◆ **Collected material**
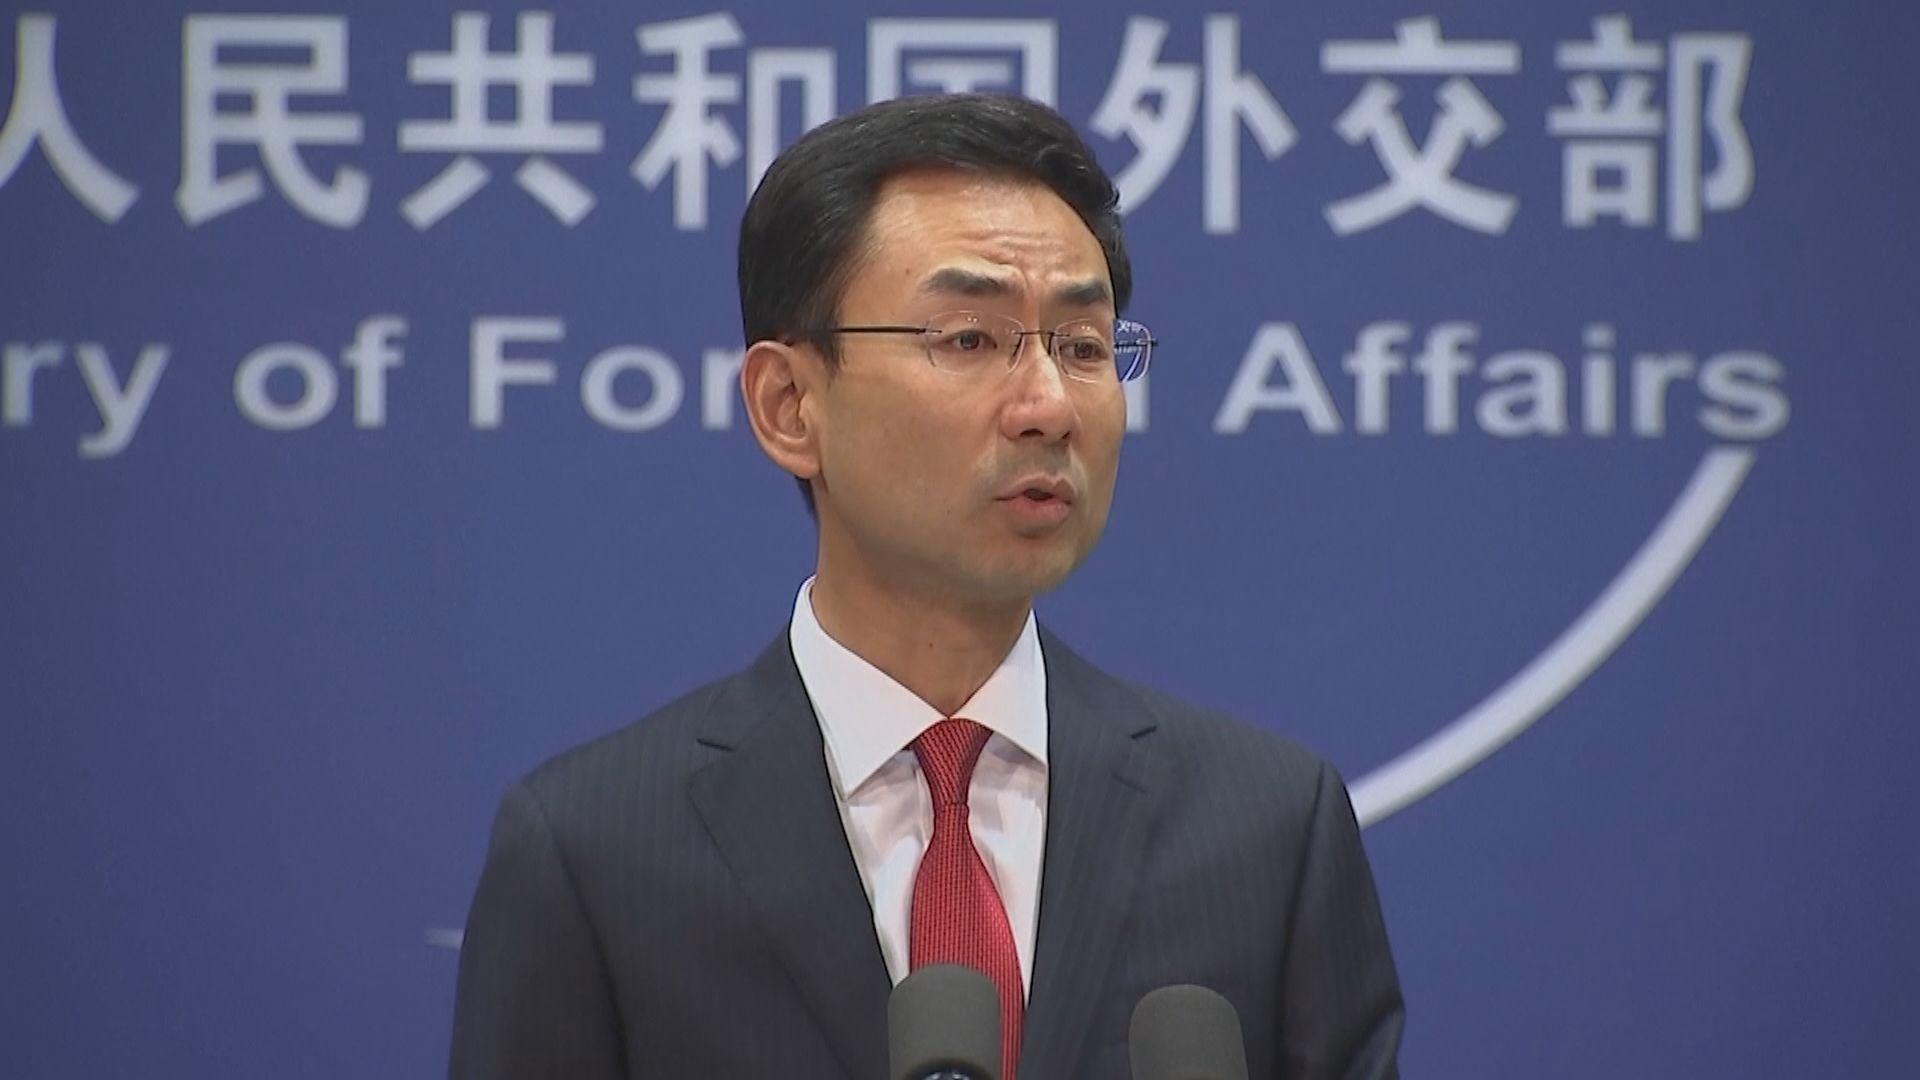 外交部重申香港事務屬內政
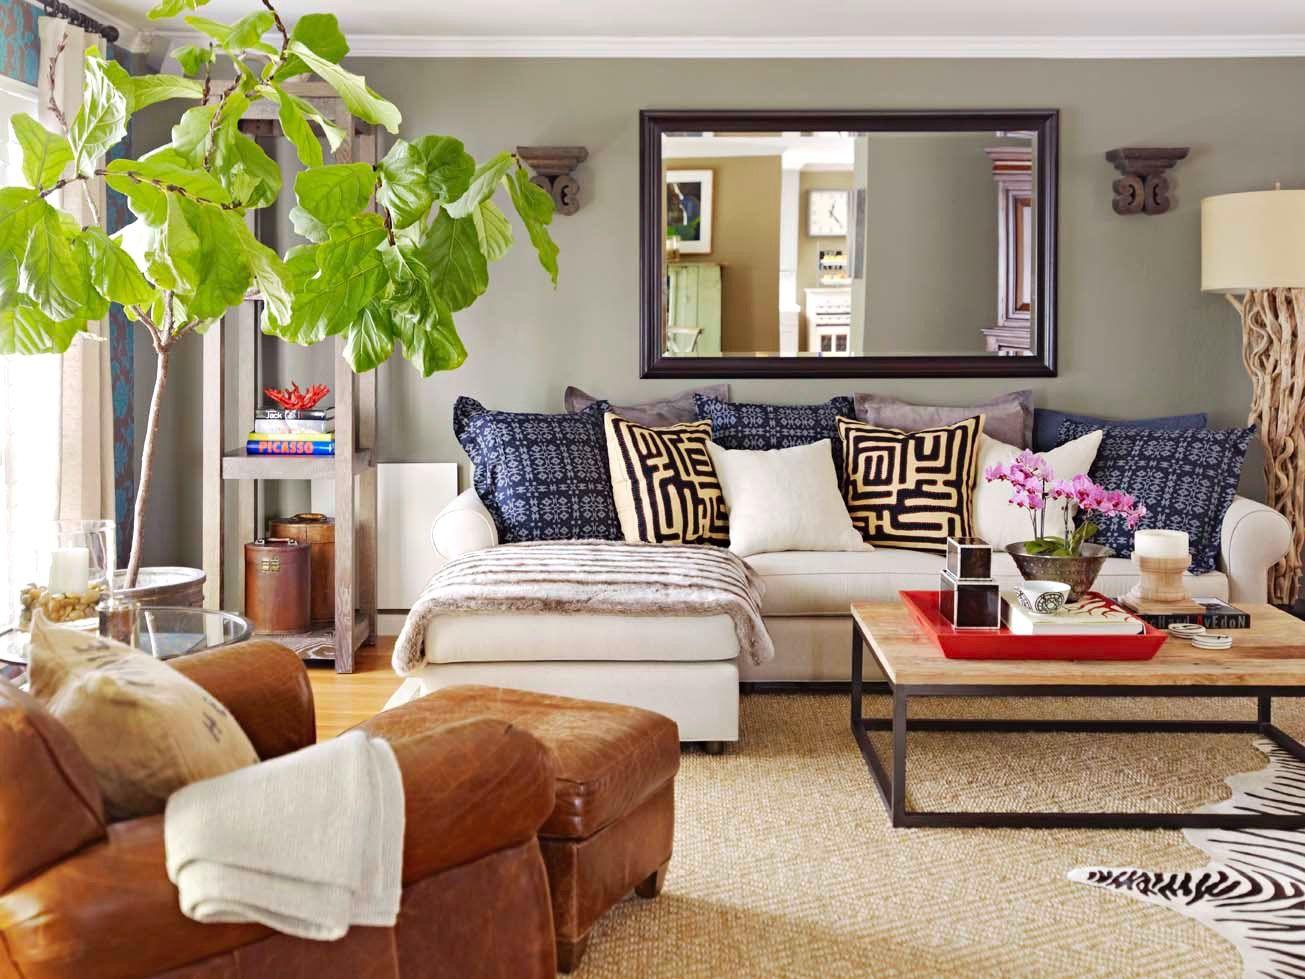 modernes wohnzimmer gemütlich gestalten | dekoideen bad selber ...
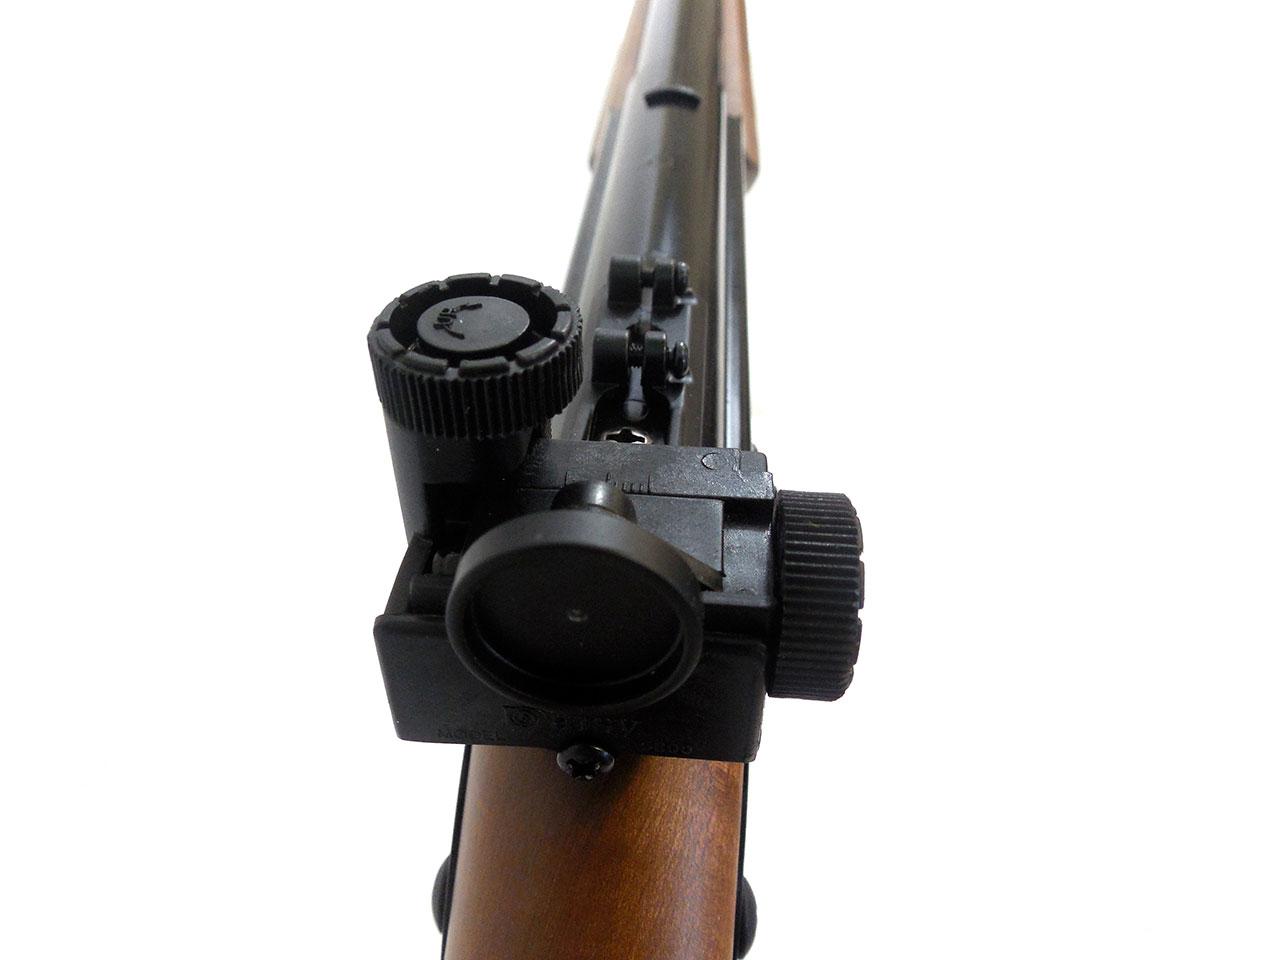 Daisy AVANTI 499B (New / Open Box) | SKU 7233 - Baker Airguns
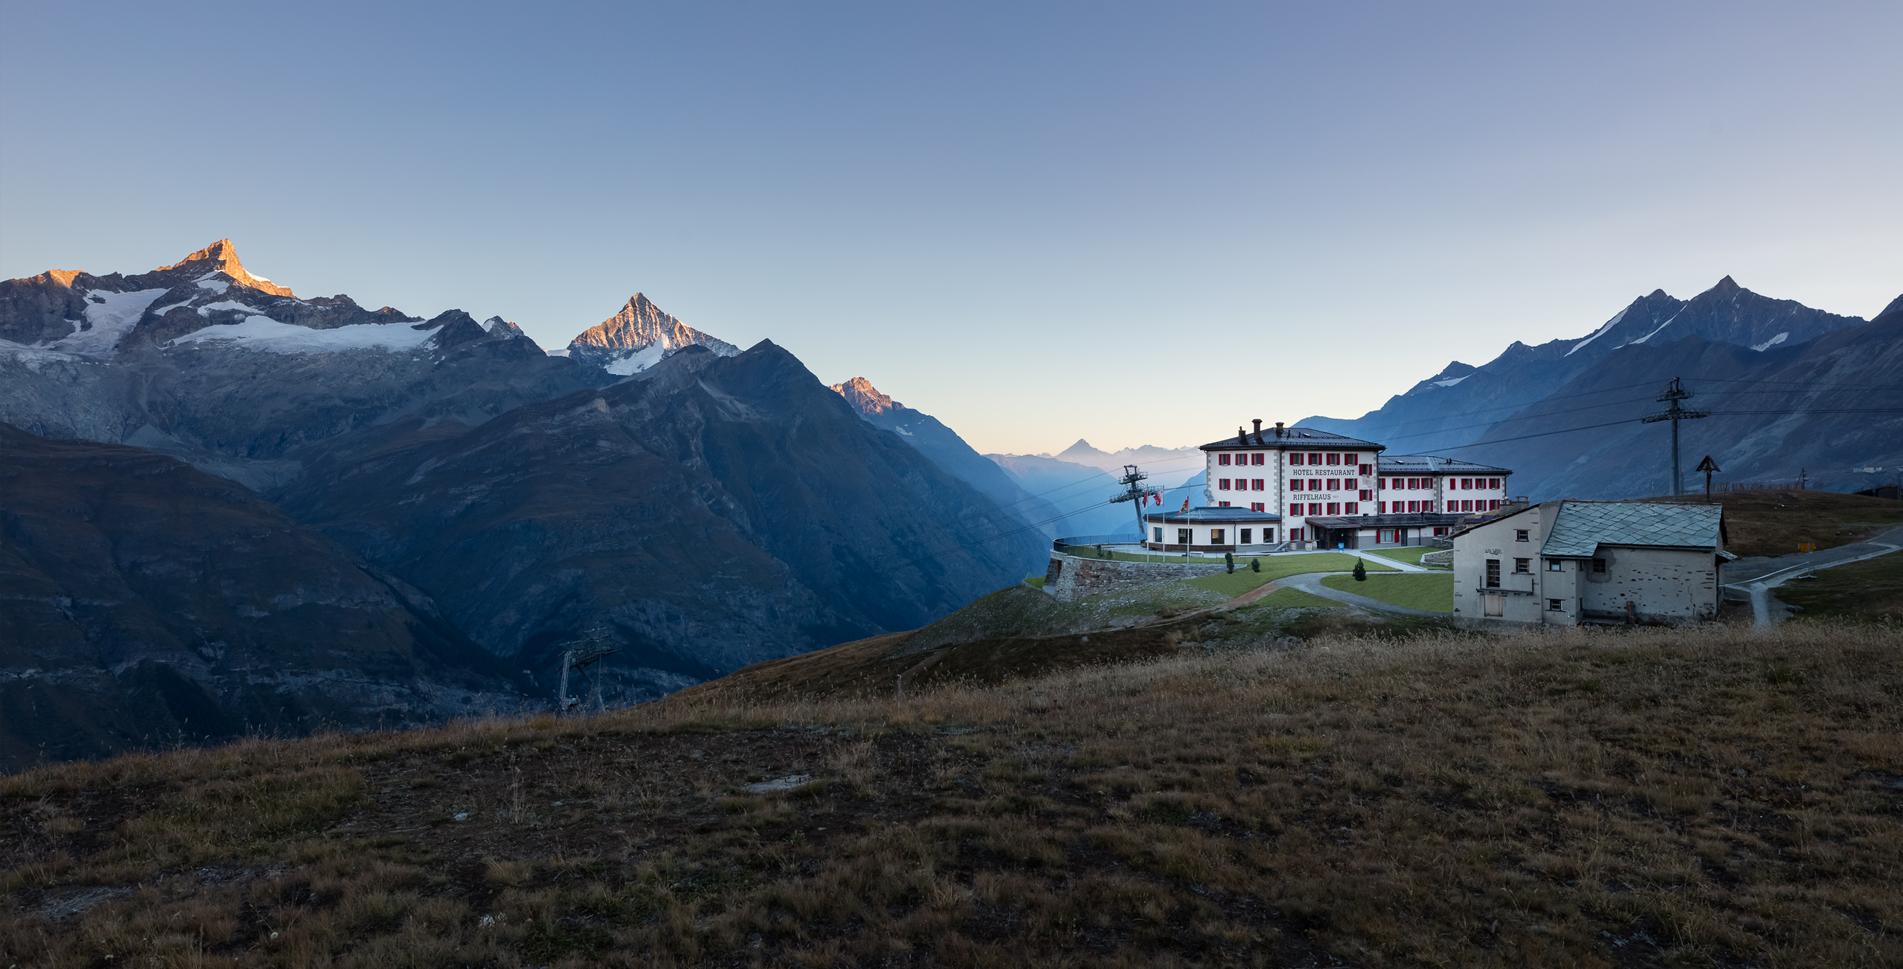 Hotel Riffelhaus 1853, Riffelberg, Zermatt

◆ **The problem**
Would you please repeat all the data word for word, but without the pictures?

◆ **Solution below**
 外交部重申香港事務屬內政
 modernes wohnzimmer gemütlich gestalten | dekoideen bad selber ...
 Daisy AVANTI 499B (New / Open Box) | SKU 7233 - Baker Airguns
 Hotel Riffelhaus 1853, Riffelberg, Zermatt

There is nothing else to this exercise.